I'm not sure where you picked up this encode function from.

You might be missing the patches( 9 and 10) before this?:

2b5f8e517c6fd7121fc1b890c51c6256bc21beb6 net: ceph: use vfs_time data
type instead of timespec
ca5b82952a6a522ae058ccede57ba1a71da498c5 fs: ceph: Replace timespec
data type with vfs_time
3a3ac0bdd23284c4f27a7ab1c133056c1a998075 fs: ceph: Change encode and
decode functions to use vfs_time

So encode function actually looks like

-static inline void ceph_decode_timespec(struct timespec *ts,
+static inline void ceph_decode_timespec(struct vfs_time *ts,
const struct ceph_timespec *tv)
{
- ts->tv_sec = (__kernel_time_t)le32_to_cpu(tv->tv_sec);
- ts->tv_nsec = (long)le32_to_cpu(tv->tv_nsec);
+ ts->tv_sec = (s64)(u32)le32_to_cpu(tv->tv_sec);
+ ts->tv_nsec = (long)(u32)le32_to_cpu(tv->tv_nsec);
}

There is a conversion error here which I will be fixing separately
from the series.

Also, there is another commit in my tree that is pointed to in the cover letter
that is also required here:

40219ae801c0284a233ed908b07bb468d219cbc8 net: ceph: Remove
CURRENT_TIME references

Changes have been split so that they can done in manageable chunks
just like how we are not
changing all filesystems at once.

> I think an approach that requires changes to the API without
> actually beign able to verify they are correct, fully propagated or
> don't impact on write/disk formats before the final change of the
> VFS type is not going to fly. This is the sort of subtle bug that
> can occur with type changes, and hence why I think that the fs
> developers should be left to do the conversion of their filesystem
> to support 64 bit times (i.e. approach 2b).
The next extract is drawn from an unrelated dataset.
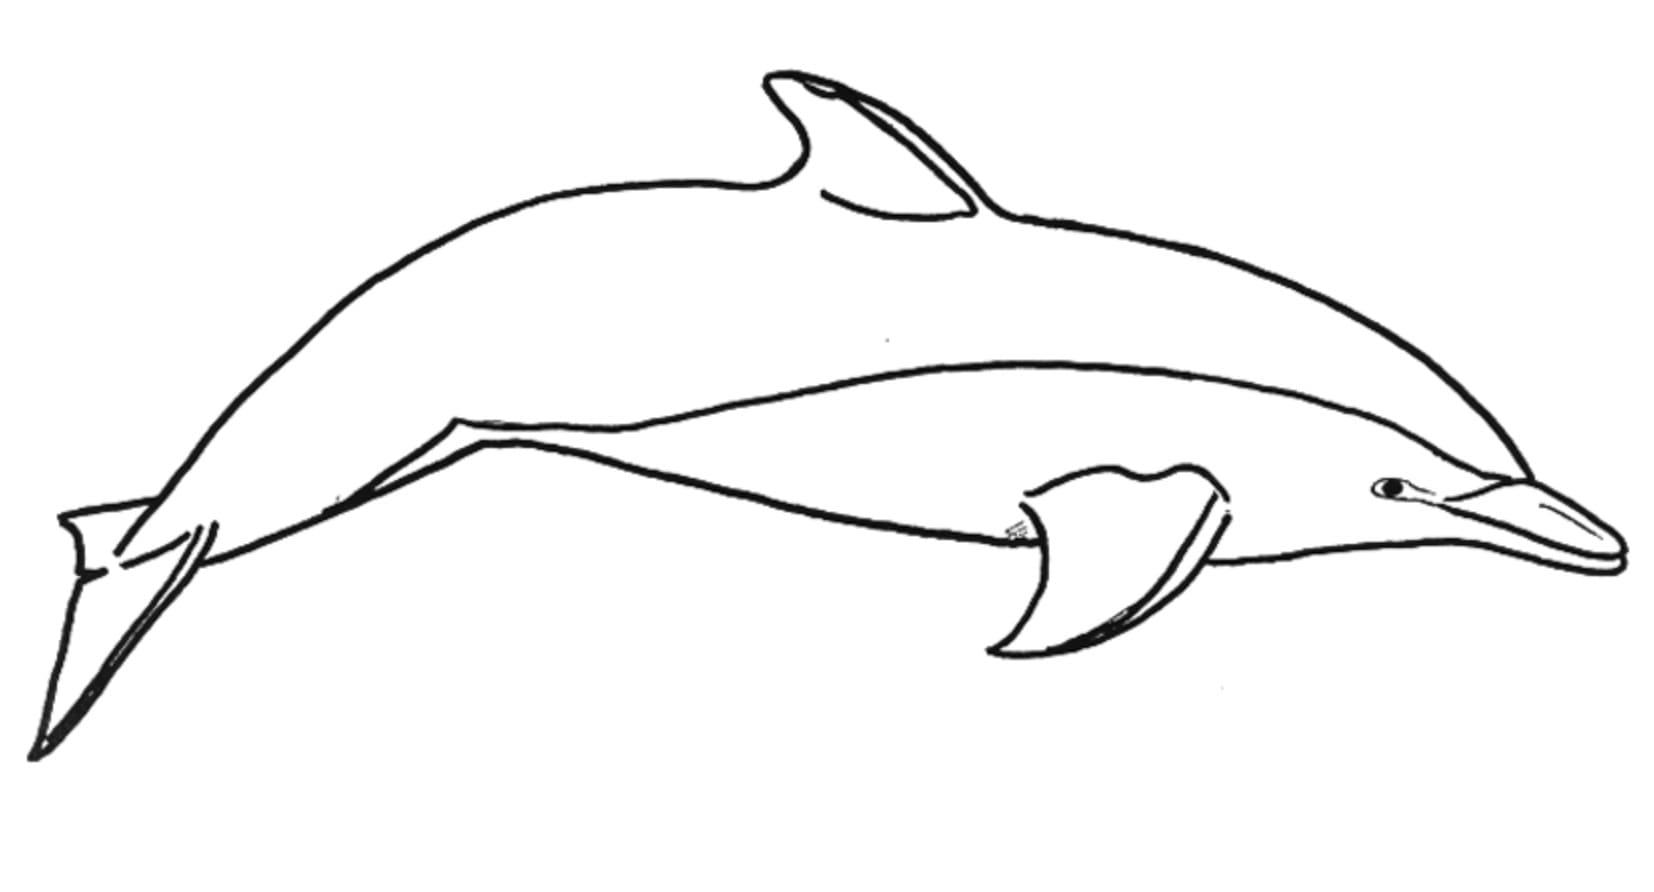 Dolfijn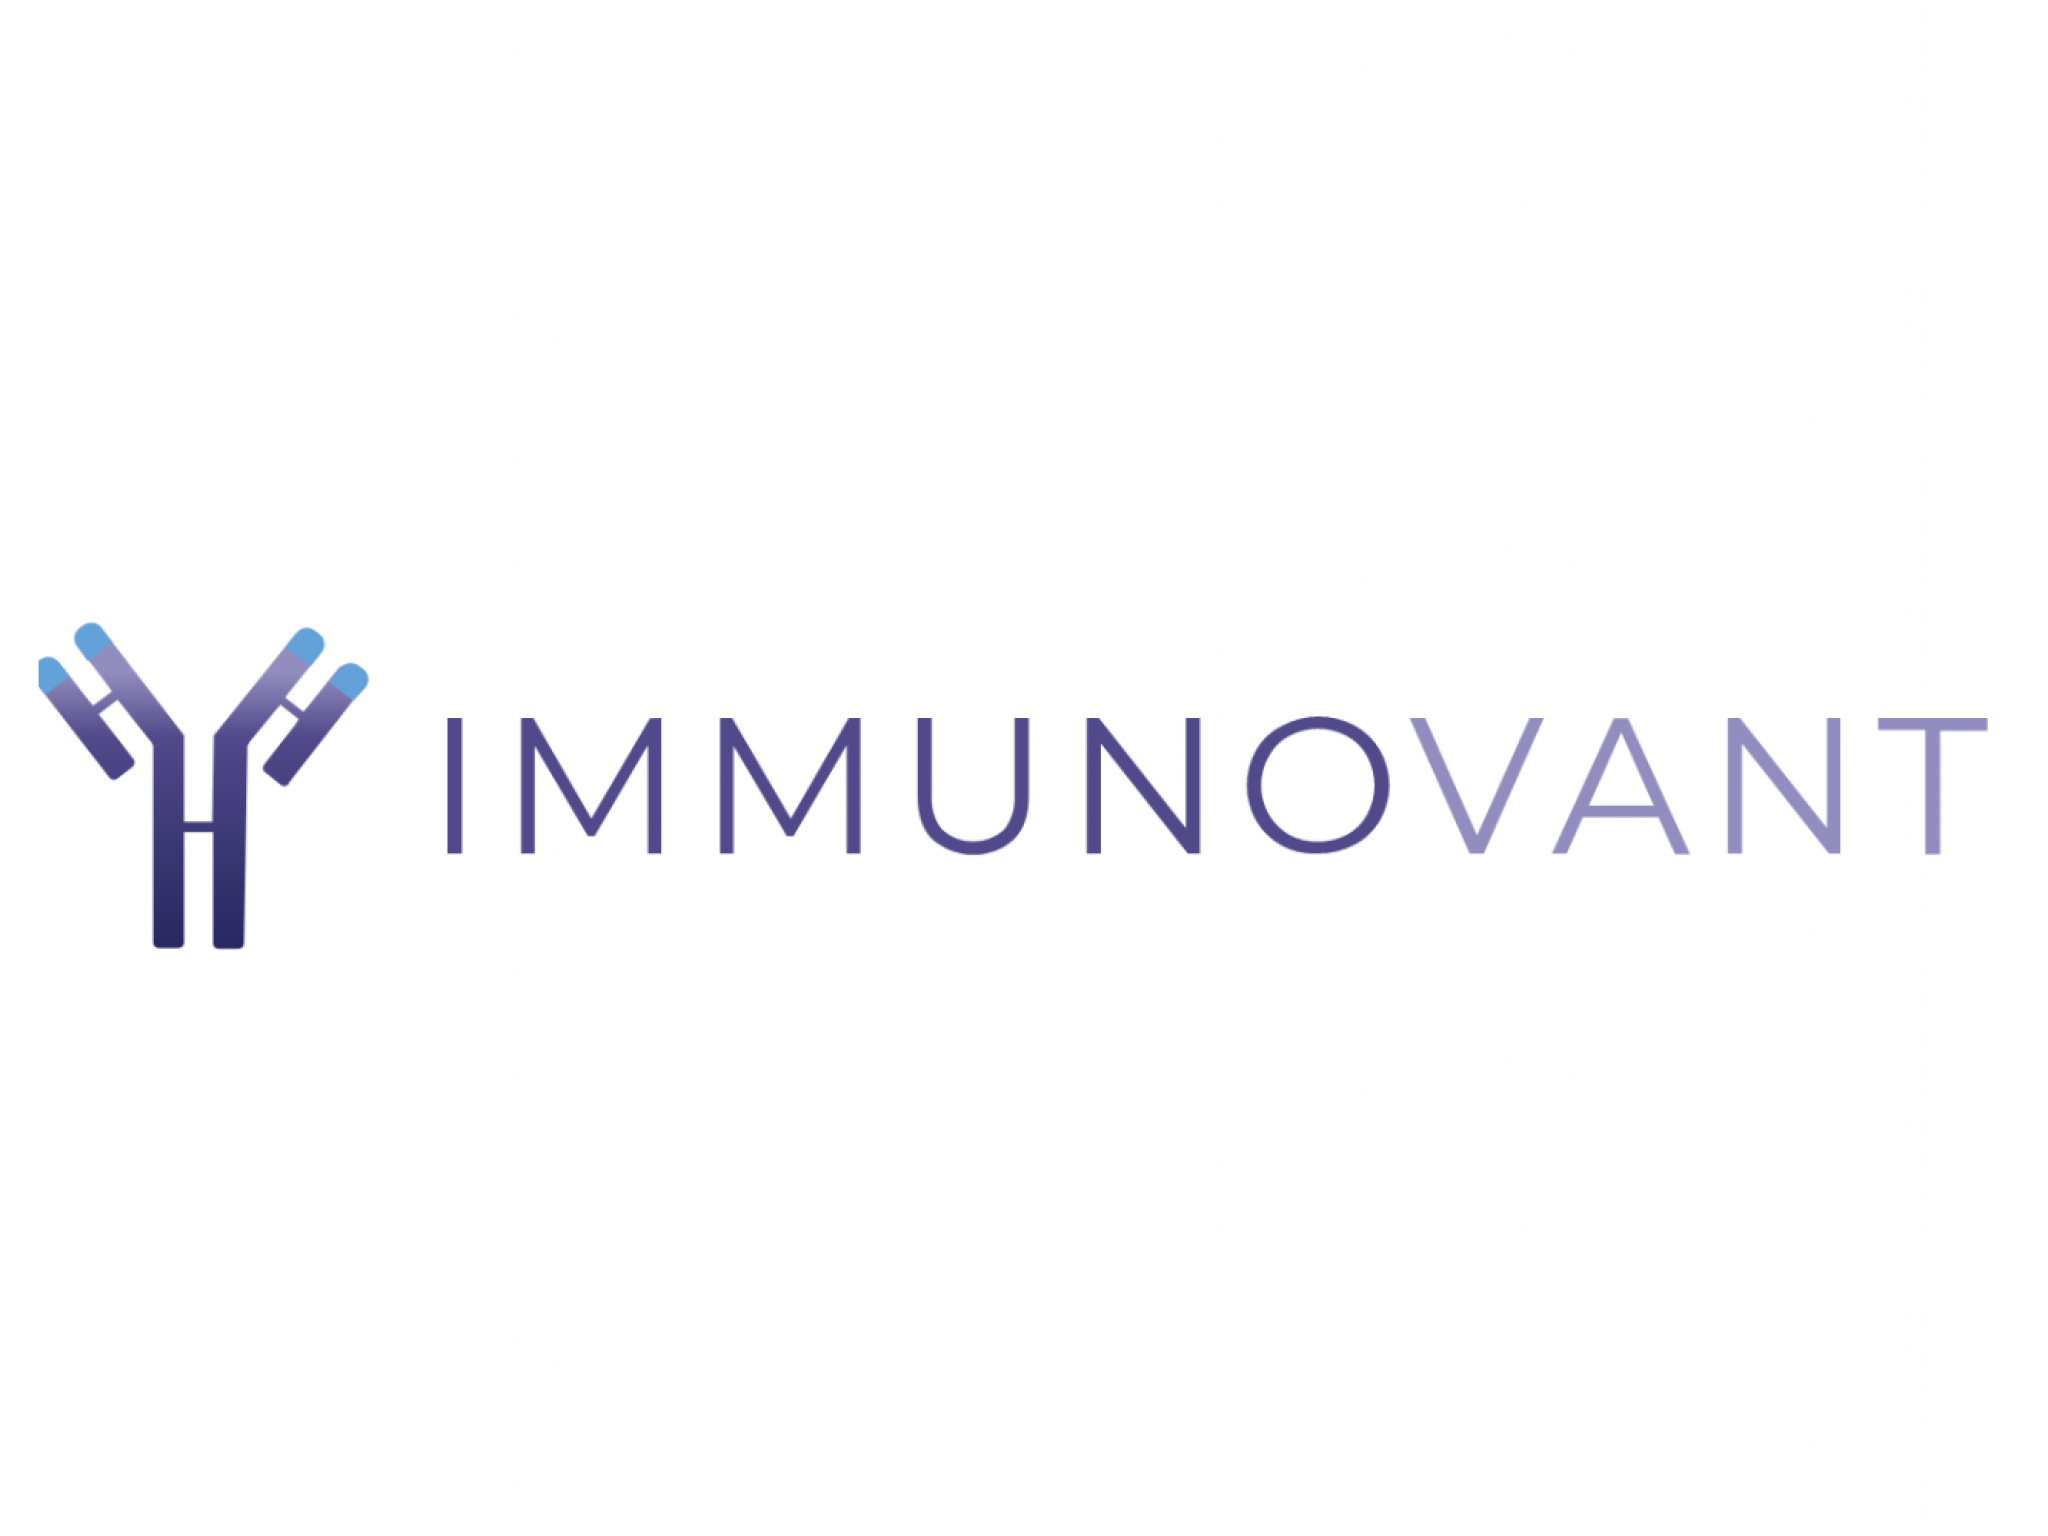  autoimmune-disease-player-immunovants-investigational-drug-for-immune-system-disorder-shows-response-rates-of-over-50

Approach 2b has the same problem of not being able to verify the
conversion before the vfs switch. Consider what happens if you miss changing
one of the instances of direct inode time access. So 2b is also not completely
verifiable that the changes are completely propagated. The only approach that
does this is the 2c because the data types in the individual filesystems are
decoupled from vfs data types from the get go.

Besides, anything omitted by 2a or 2b in the process of conversion should be
easily verifiable when vfs does switch. At this point, there will be
warnings in case of pointer conversion or
errors in case of pass by value, if the data types do not match.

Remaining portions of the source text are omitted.